Using the material below, repeat exactly the lines from the one with "m&h easy women" through the one with "white casual jacket - 2", ends included, without any images.

— RECORDS PROVIDED —
■ ■ ■ ■ ■ ■ ■
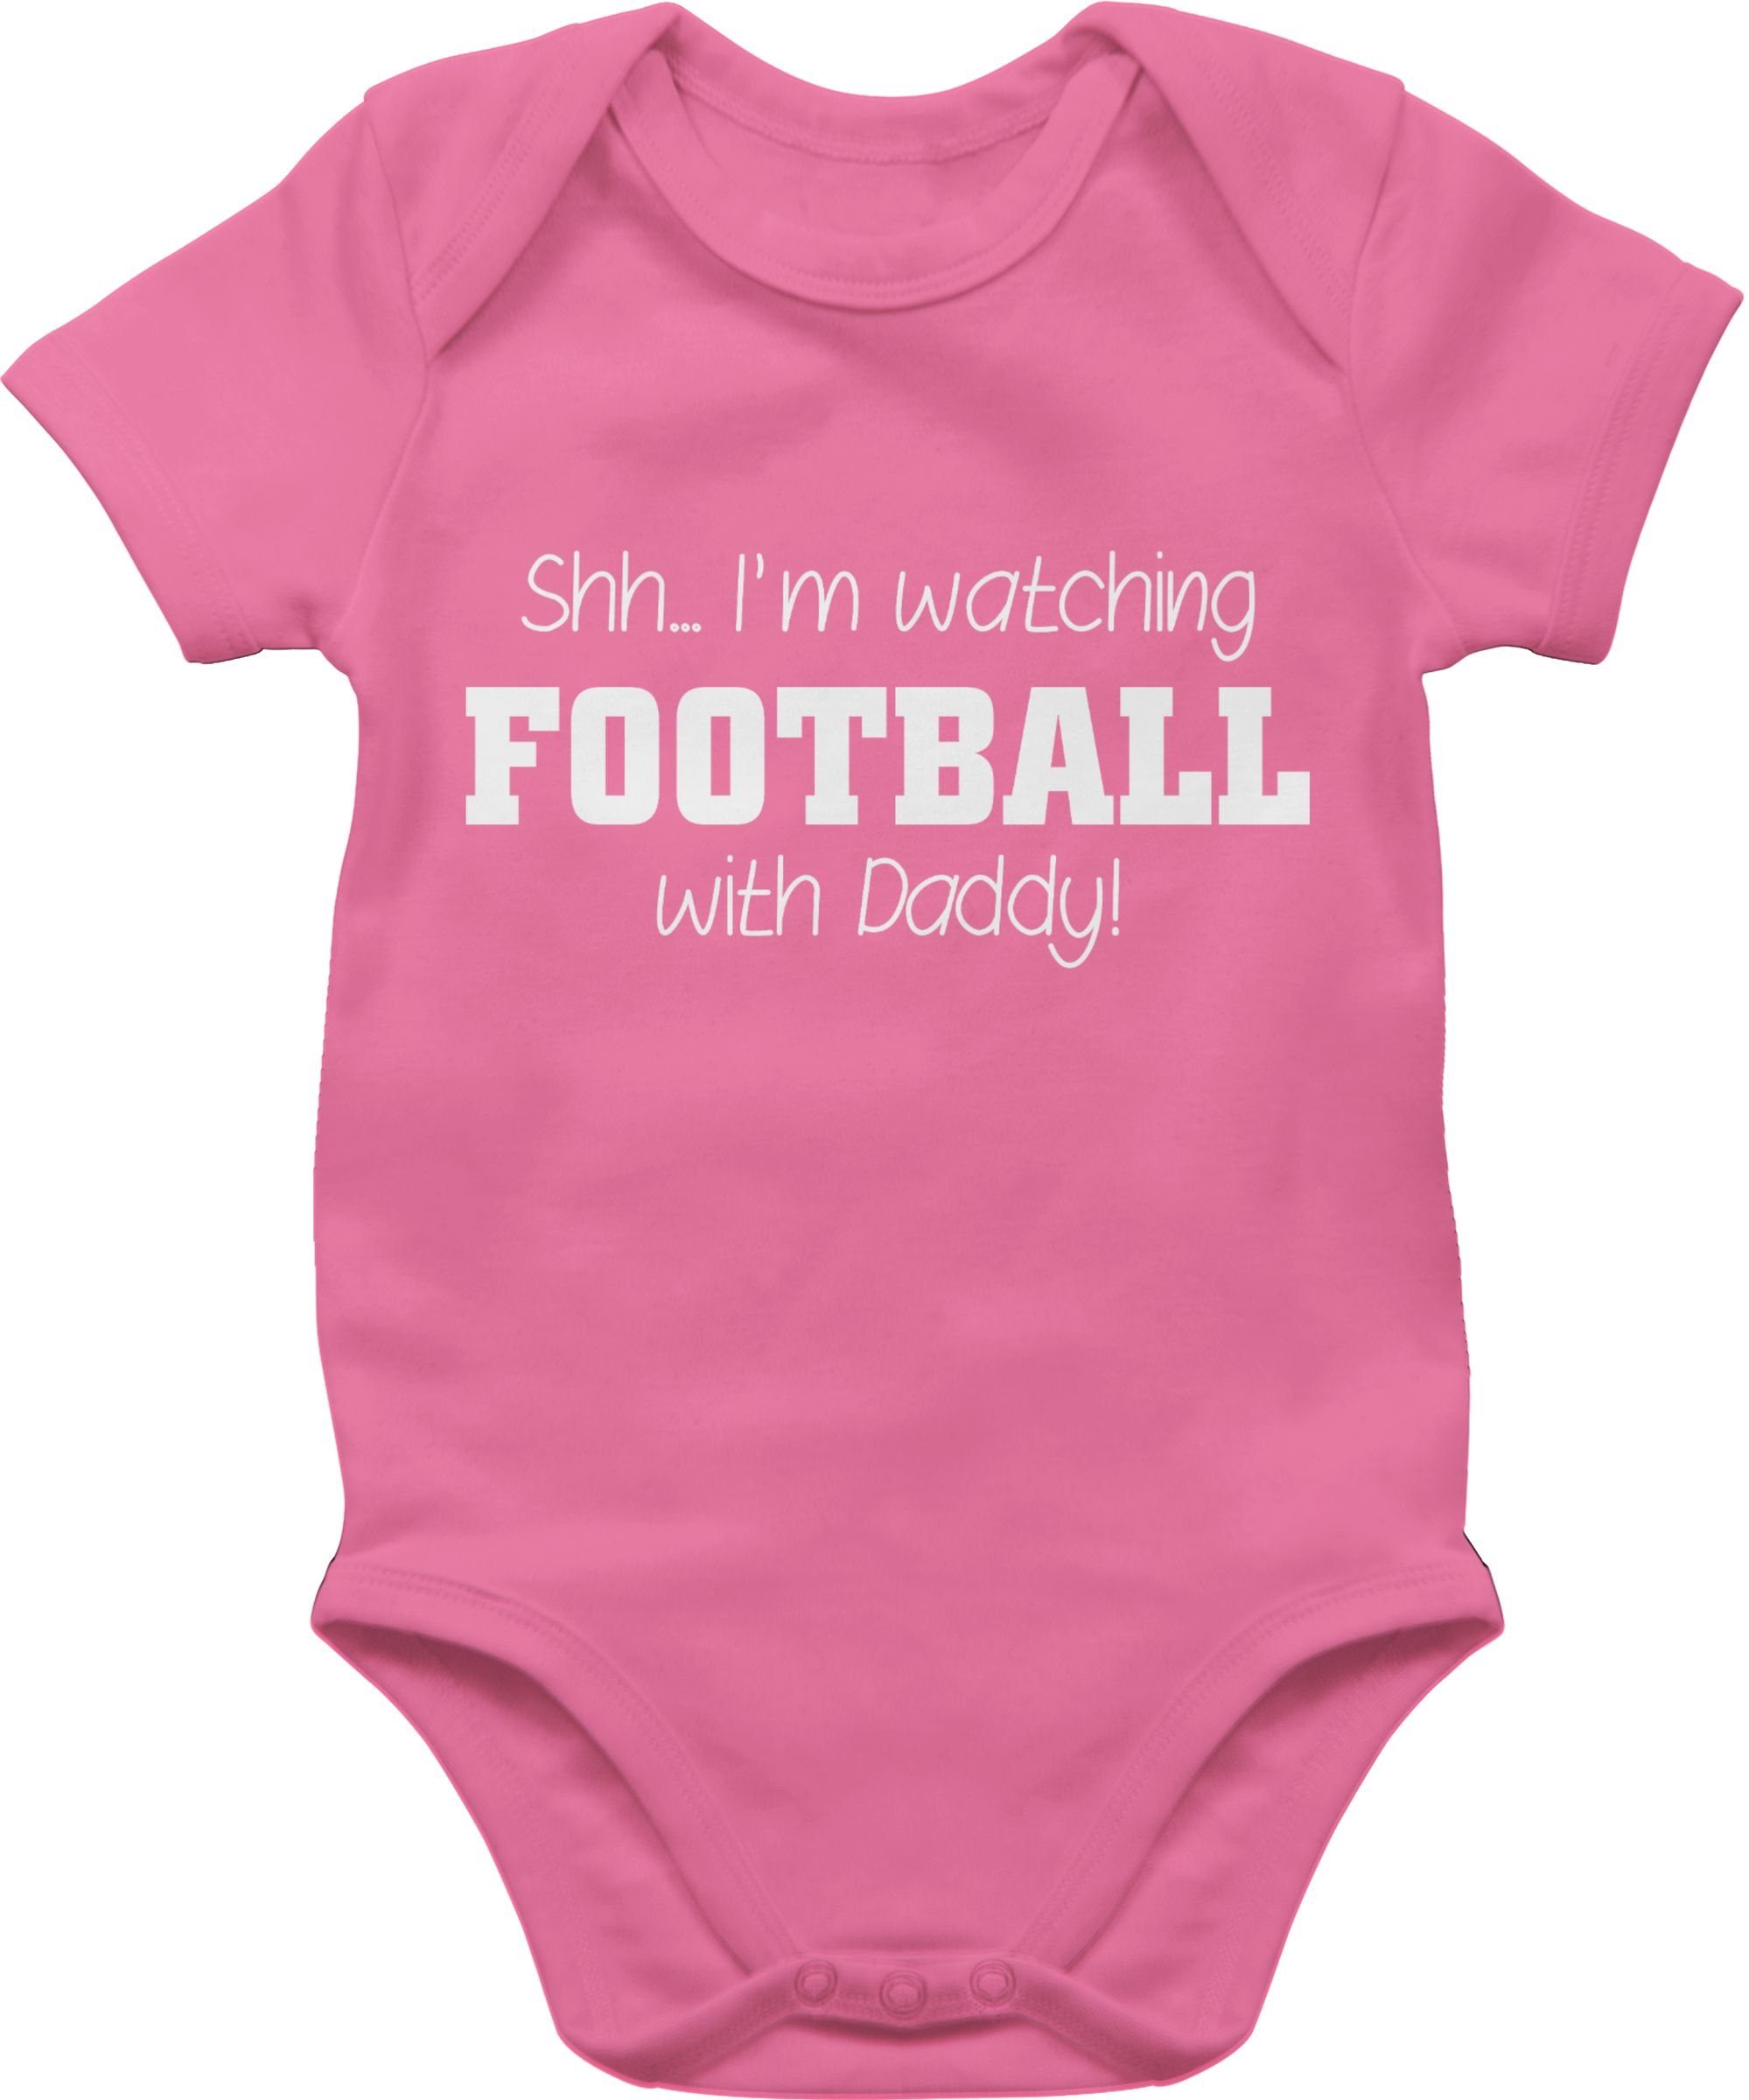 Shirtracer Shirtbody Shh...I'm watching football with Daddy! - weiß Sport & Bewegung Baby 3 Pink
■ ■ ■ ■ ■ ■ ■
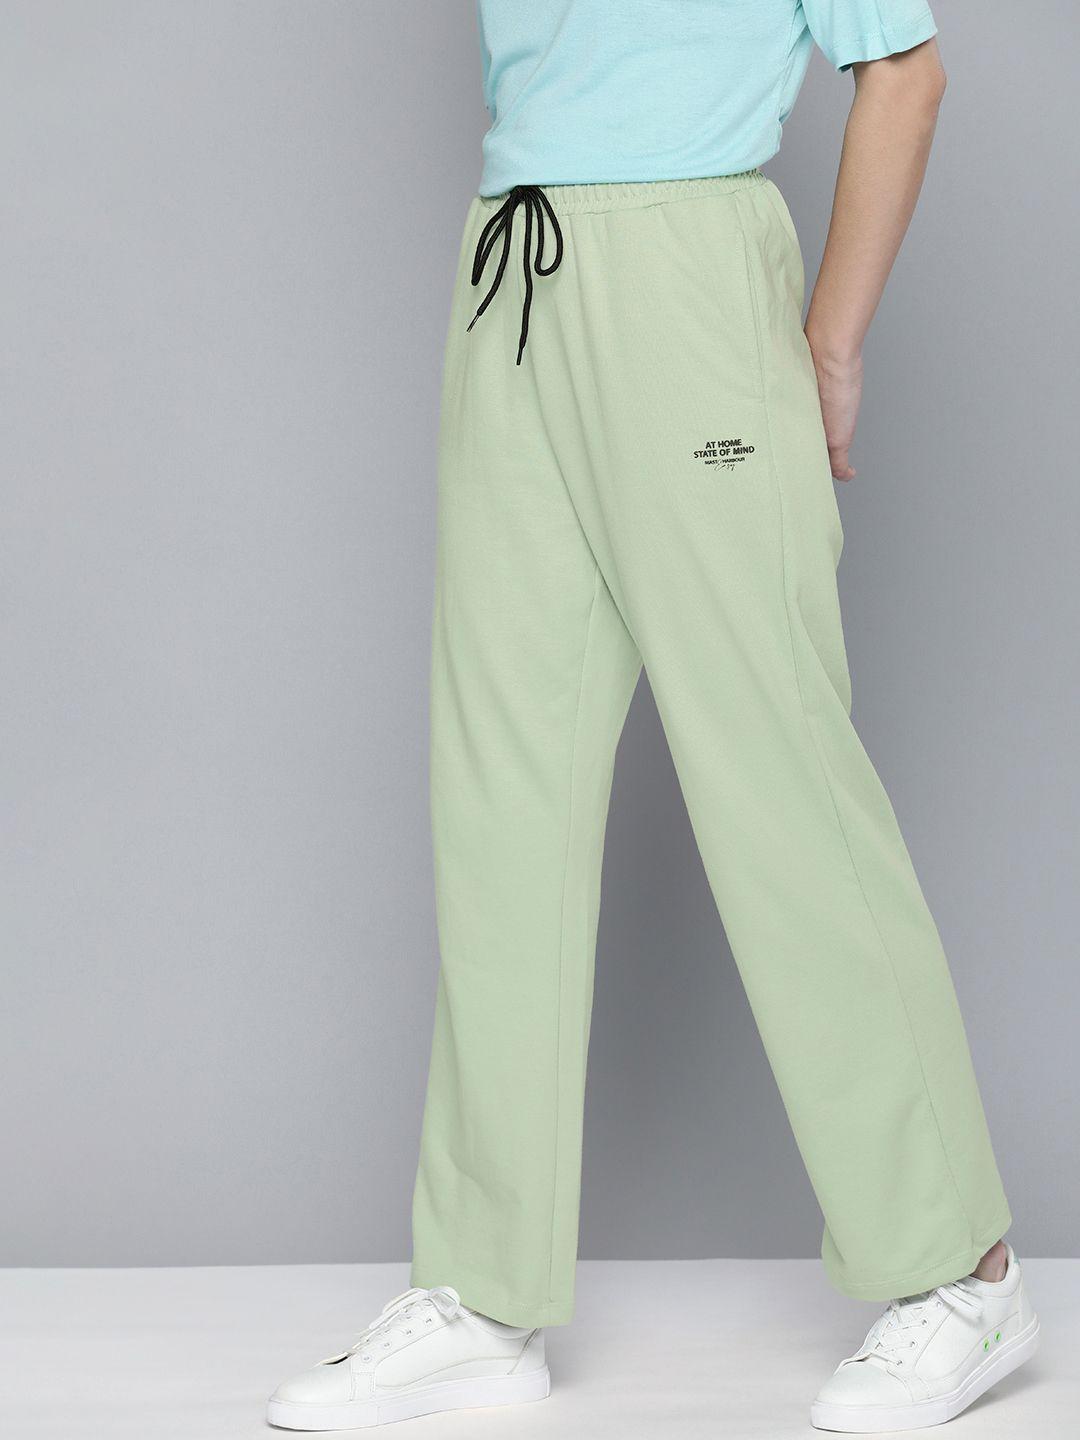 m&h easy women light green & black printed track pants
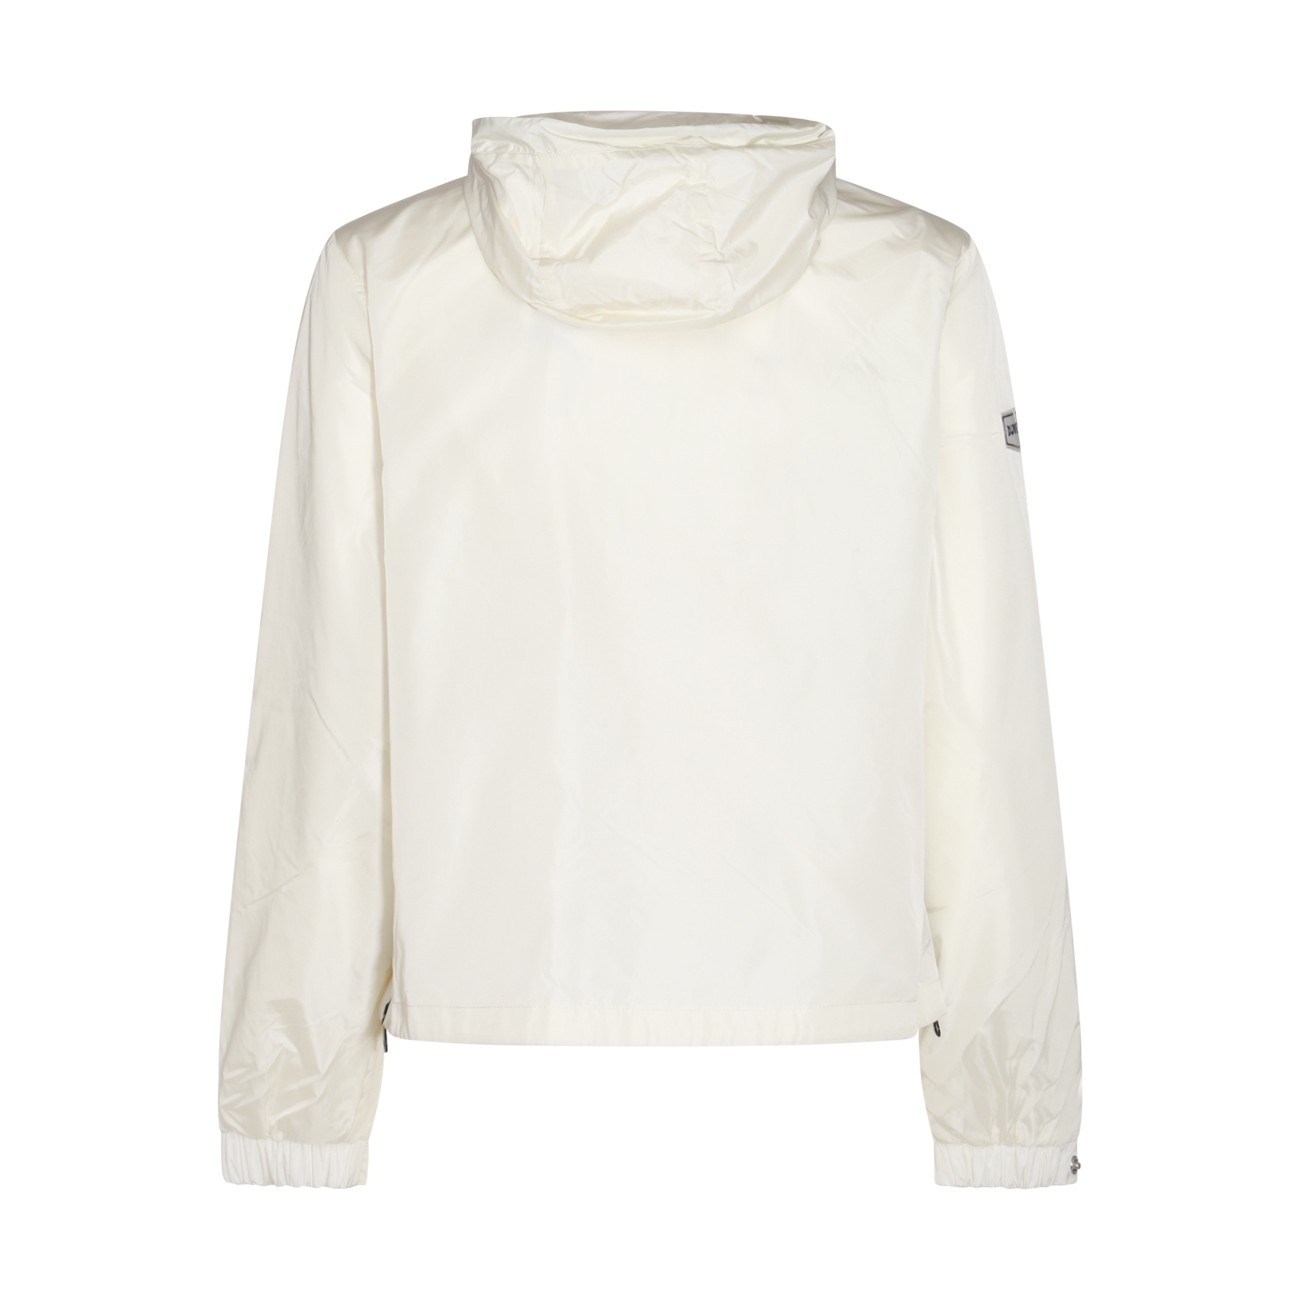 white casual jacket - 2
■ ■ ■ ■ ■ ■ ■
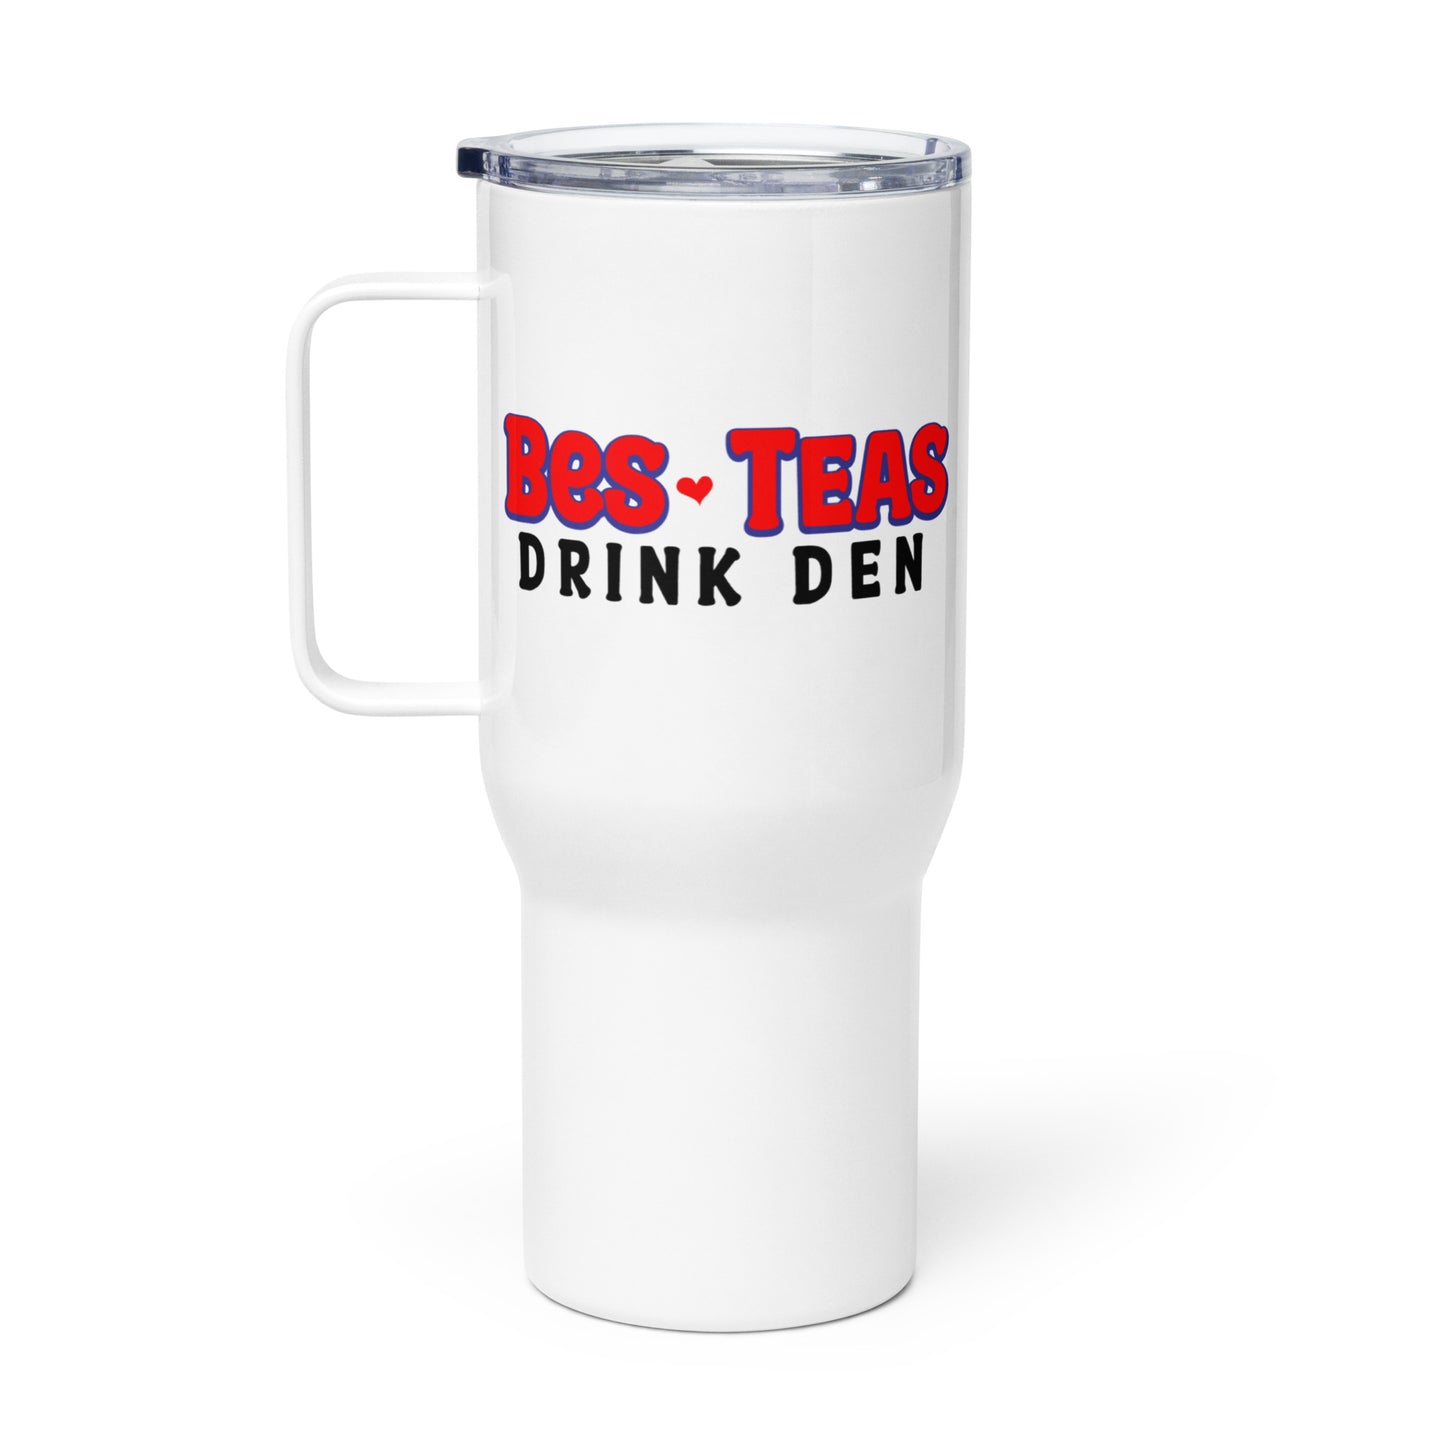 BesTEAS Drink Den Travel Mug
■ ■ ■ ■ ■ ■ ■
— TASK RESPONSE —
 m&h easy women light green & black printed track pants
 white casual jacket - 2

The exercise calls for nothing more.